My Golden wont eat his dog food without being mix with water. He's 3 1/2 months already and im trying to give him dry food. Is it okay to mix his dog food with sardines? I read that sardines are good for the coat and has calcium. like maybe 2 cans of sardines a week. I just take a piece and mix it with the kibble. 
I also gave him cod liver oil once a week coz i read its not good to give it to a puppy daily. 



Grizzly when hes 2 1/2 months


----------



## Florabora22 (Nov 30, 2008)

I'm sorry I don't know the answer to your question but your puppy is sooo cute!!


----------



## jackie_hubert (Jun 2, 2010)

It us usually recommended that you do not feed canned fish due to the high level of sodium.
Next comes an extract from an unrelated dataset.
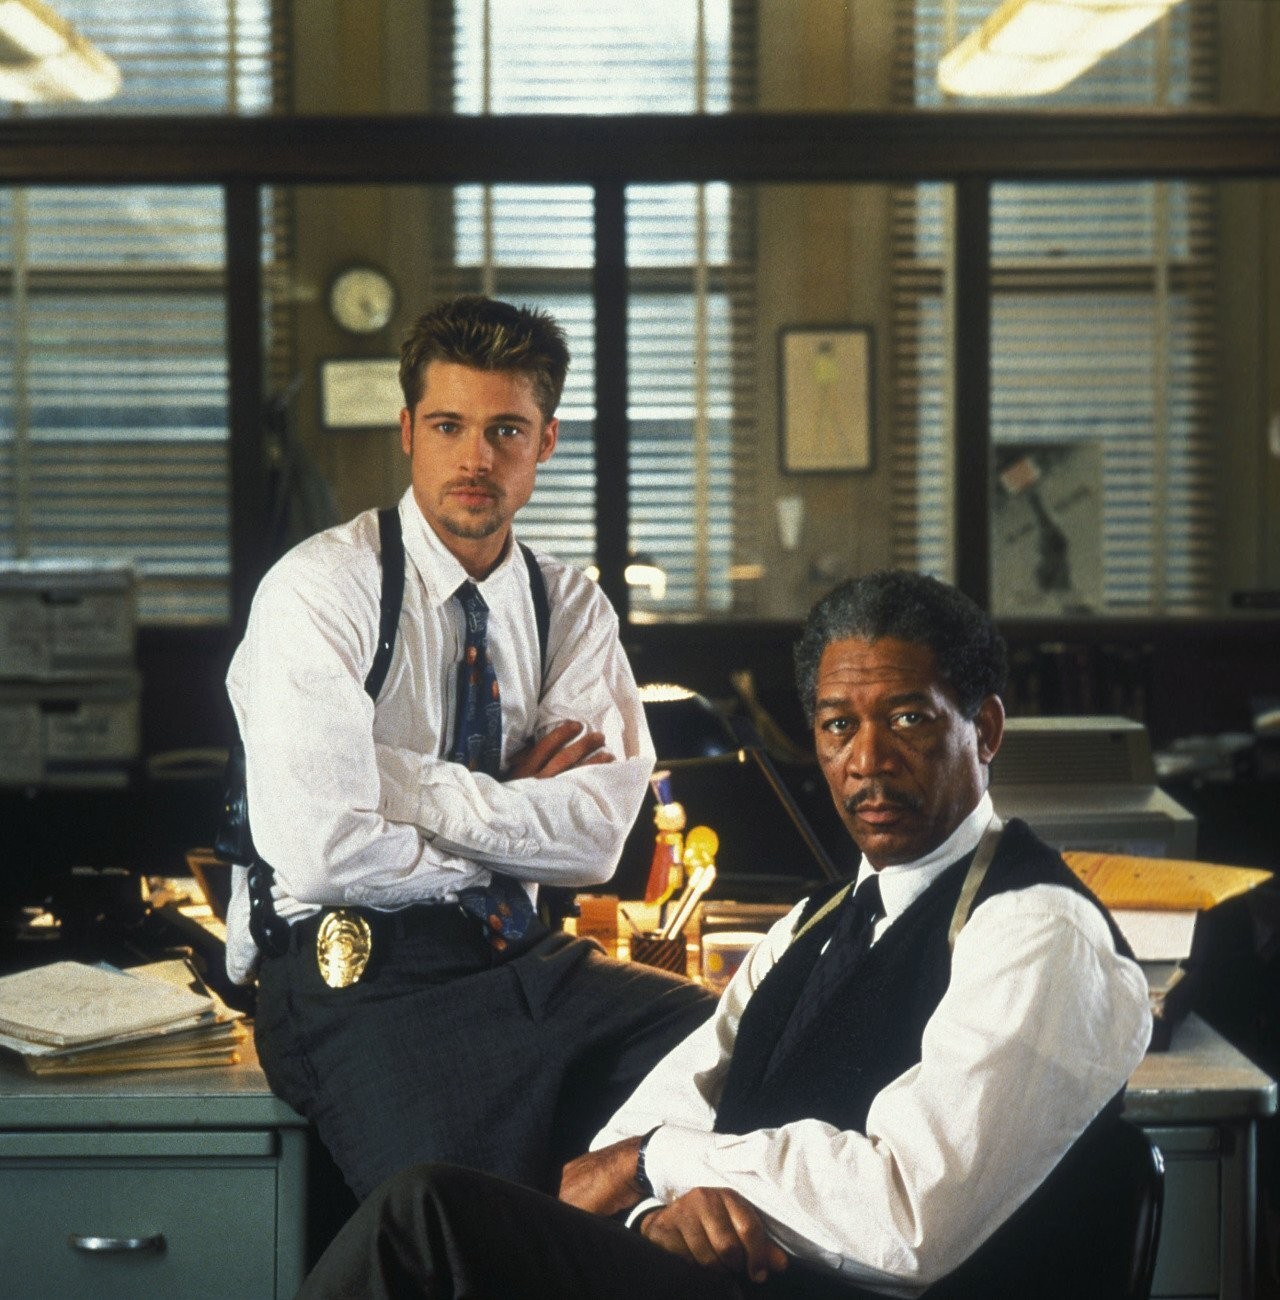 Brad Pitt and Morgan Freeman in Se7en

However, we regularly feed raw fresh sardines.


----------



## BeauShel (May 20, 2007)

I would not feed that much sardines to your puppy as like jackie said the sodium. Putting all that stuff on your dogs food can make him a picky eater, you can use alittle canned food and then heat it up in the microwave for about 10 seconds to bring out the smell. Dogs go alot by smell for eating their food. The smellier the better. Maybe limit the sardines to once a week for a little treat.


----------



## rustynail925 (Sep 7, 2011)

Thanks guys. I usually gave him sardines every morning. I would just take a small piece and sauce and mix it with dog food just enough to make him eat all of it.


----------